The construction scale of Yizhong was grand, with 114 engineering projects. The factory occupied an area of 5.8 million square meters, with a total construction area of 630,000 square meters. The factory housed more than 6,000 pieces of equipment, with the largest workshop covering over 50,000 square meters. The highest building, the heat treatment workshop, stood at 40 meters, while the underground caisson project, with a depth of 26.5 meters, made the total height nearly 70 meters. The largest overhead crane had a lifting capacity of 300 tons. Fulaerji First Heavy Machinery Factory was the largest and most modern heavy machinery plant of the 1950s and is considered the largest modern heavy machinery factory in Asia.
During the construction, we encountered many challenges. The most difficult were three key engineering projects:
For any workshop with a crane capacity of over 75 tons, its foundation required piling. A total of 12,402 reinforced concrete foundation piles needed to be driven. These piles ranged from 12 to 16 meters in length, with a cross-section of 350×350 mm. During the piling process, we frequently encountered breakages and fractures, and progress was slow—only about 1,000 piles were driven in the first three months, severely delaying the construction schedule. After discussions with the construction team, we decided to send our deputy chief engineer, Zhang Shumei, to Moscow’s Soviet Heavy Machinery Design Institute to discuss solutions to the pile foundation design and, at the same time, to research the caisson project’s design and construction technology. After numerous on-site experiments and adjustments to tools and methods, the piling project gradually began to make progress.

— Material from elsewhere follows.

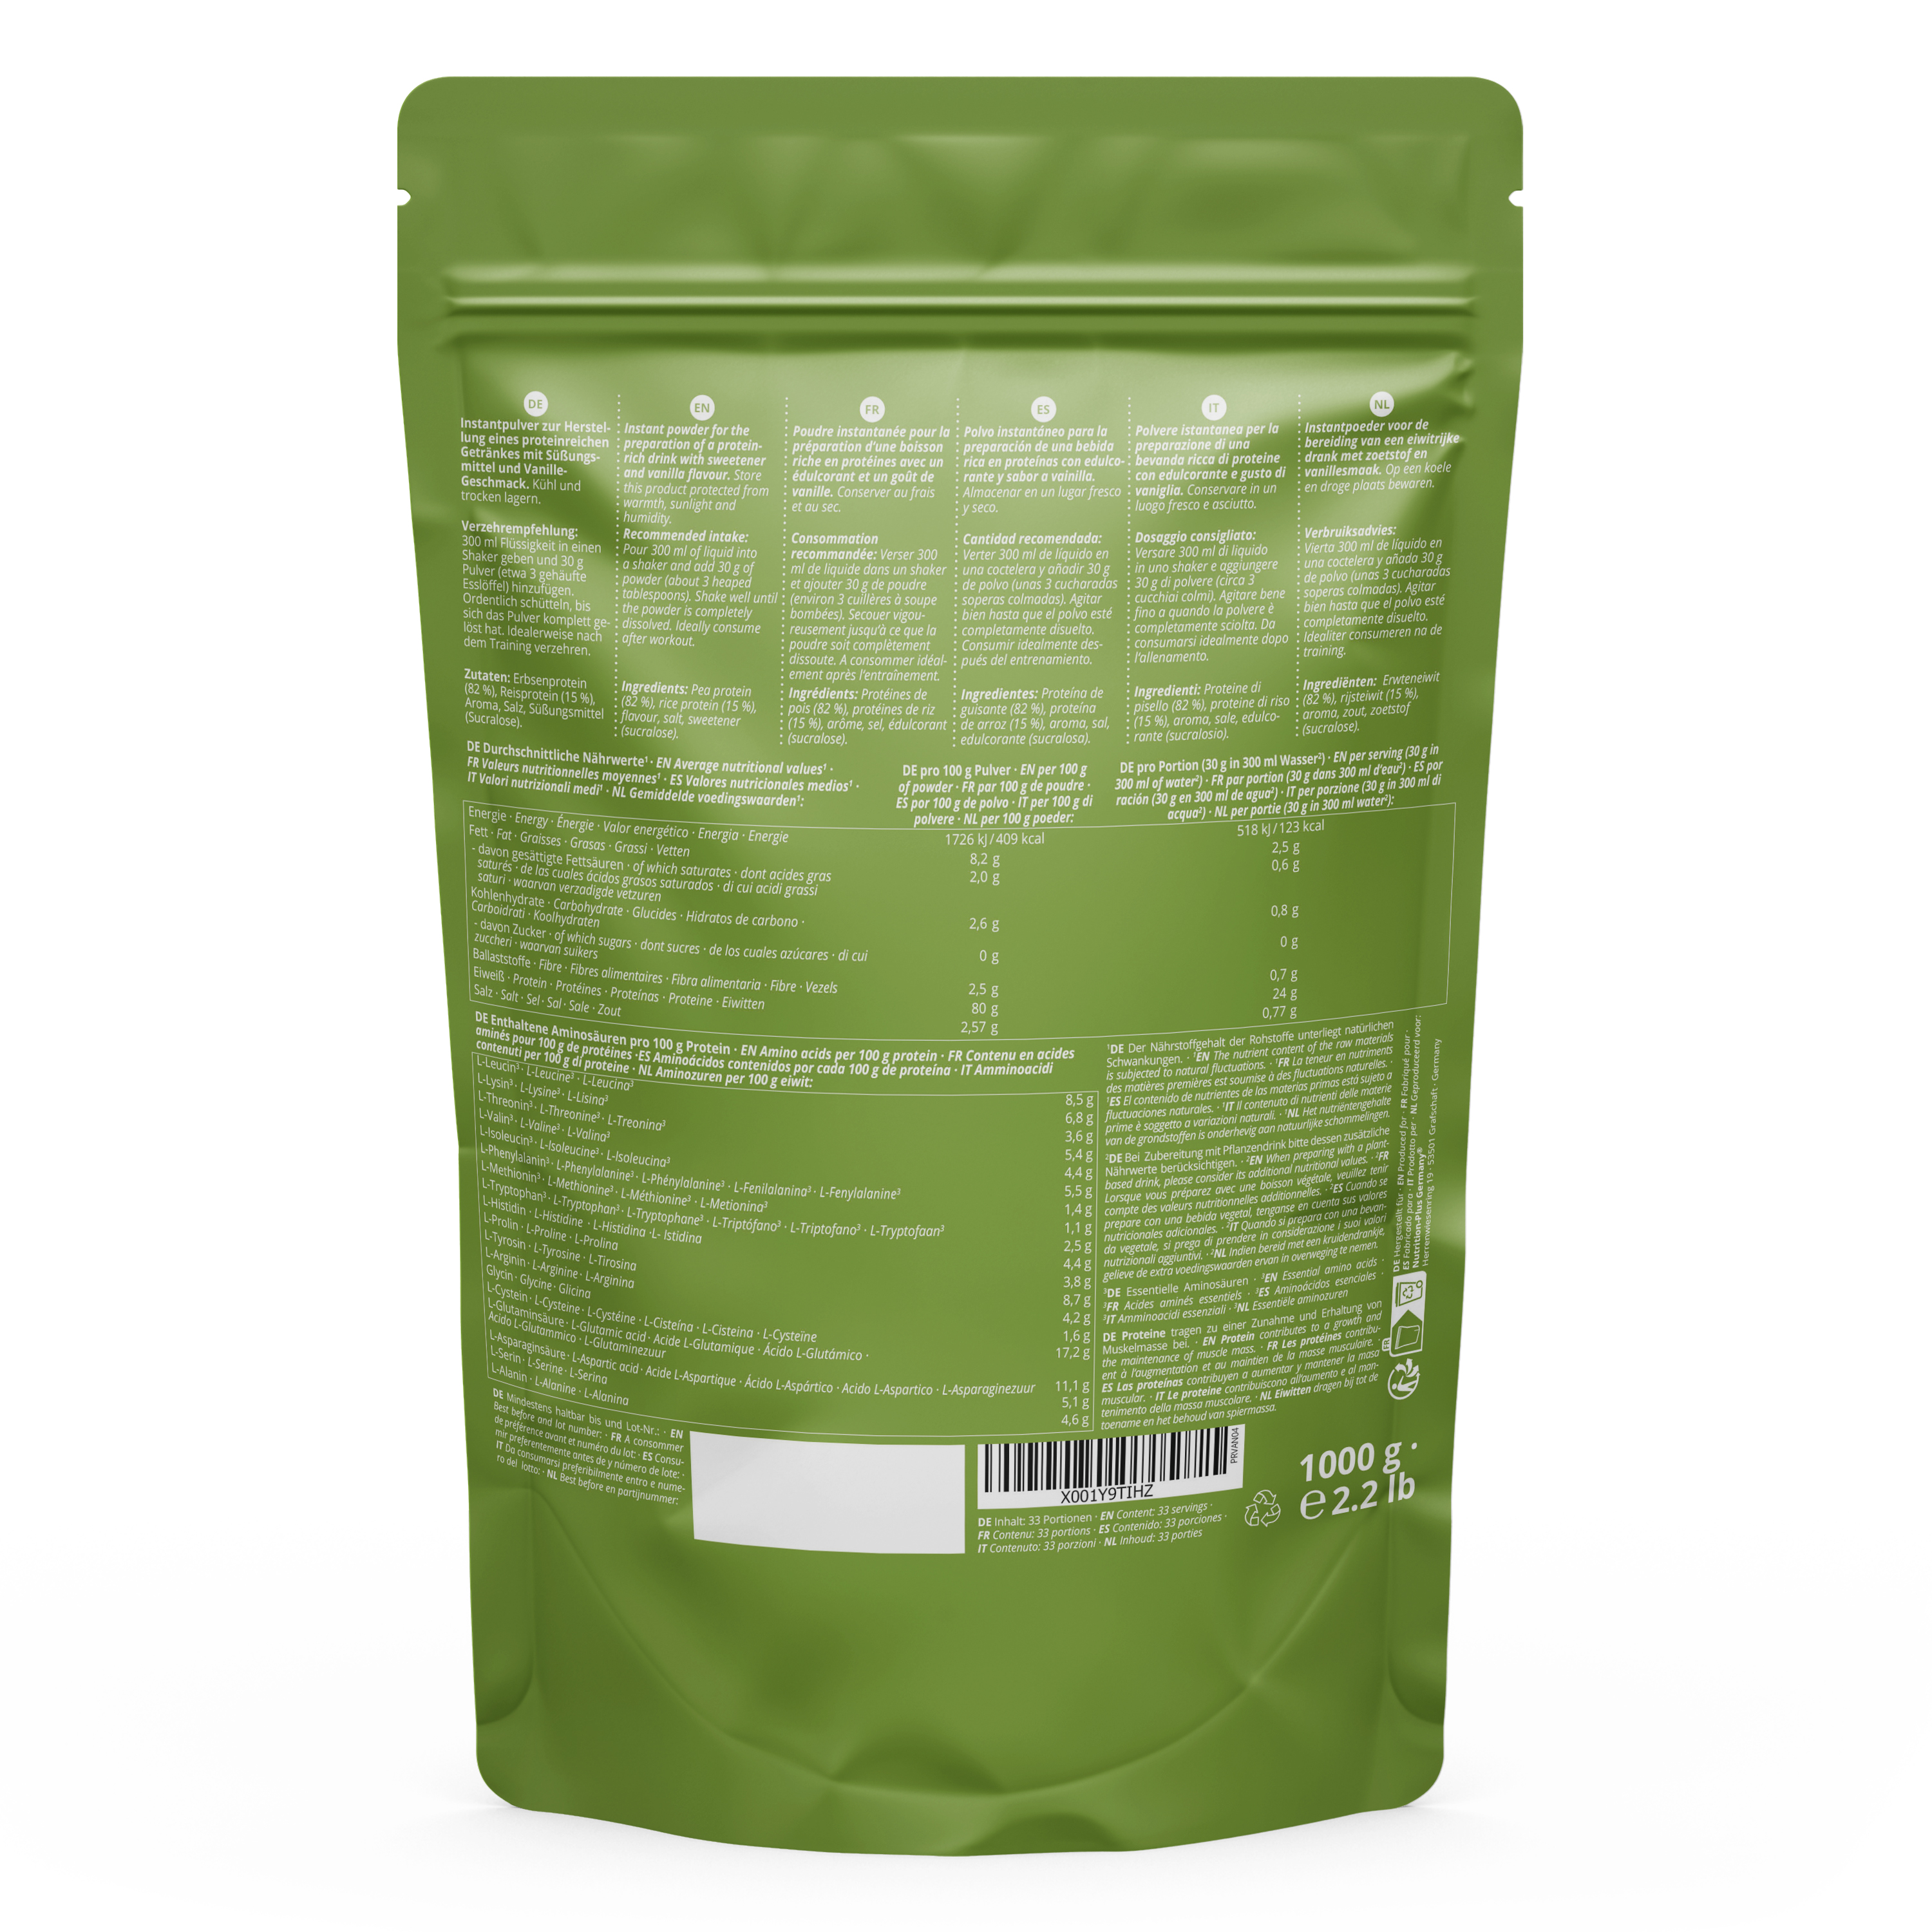 Pea-Rice Proteinpulver

The underground structure for the installation of shaft-type heat treatment furnaces required isolation from underground water. This structure, made of reinforced concrete, was 37.8 meters long, 21.3 meters wide, and extended 26.5 meters underground. It housed the heat treatment furnace and quenching oil tank, and it was crucial to prevent groundwater from infiltrating the structure. The project was technically complex. We brought together domestic and foreign experts to discuss construction plans, and after comparing several options, we decided to adopt the pneumatic caisson method for the construction. This method was chosen because it could ensure construction quality despite the high technical demands and the narrow construction site. Preparation for this included meticulous planning of equipment and materials, strict selection and training of workers, and performing soil pressure and settlement tests. Additionally, 18 temporary projects were built to ensure safety and quality. The caisson project was completed in just 88 days from the start of construction to the sealing of the bottom, marking the fastest and highest-quality project.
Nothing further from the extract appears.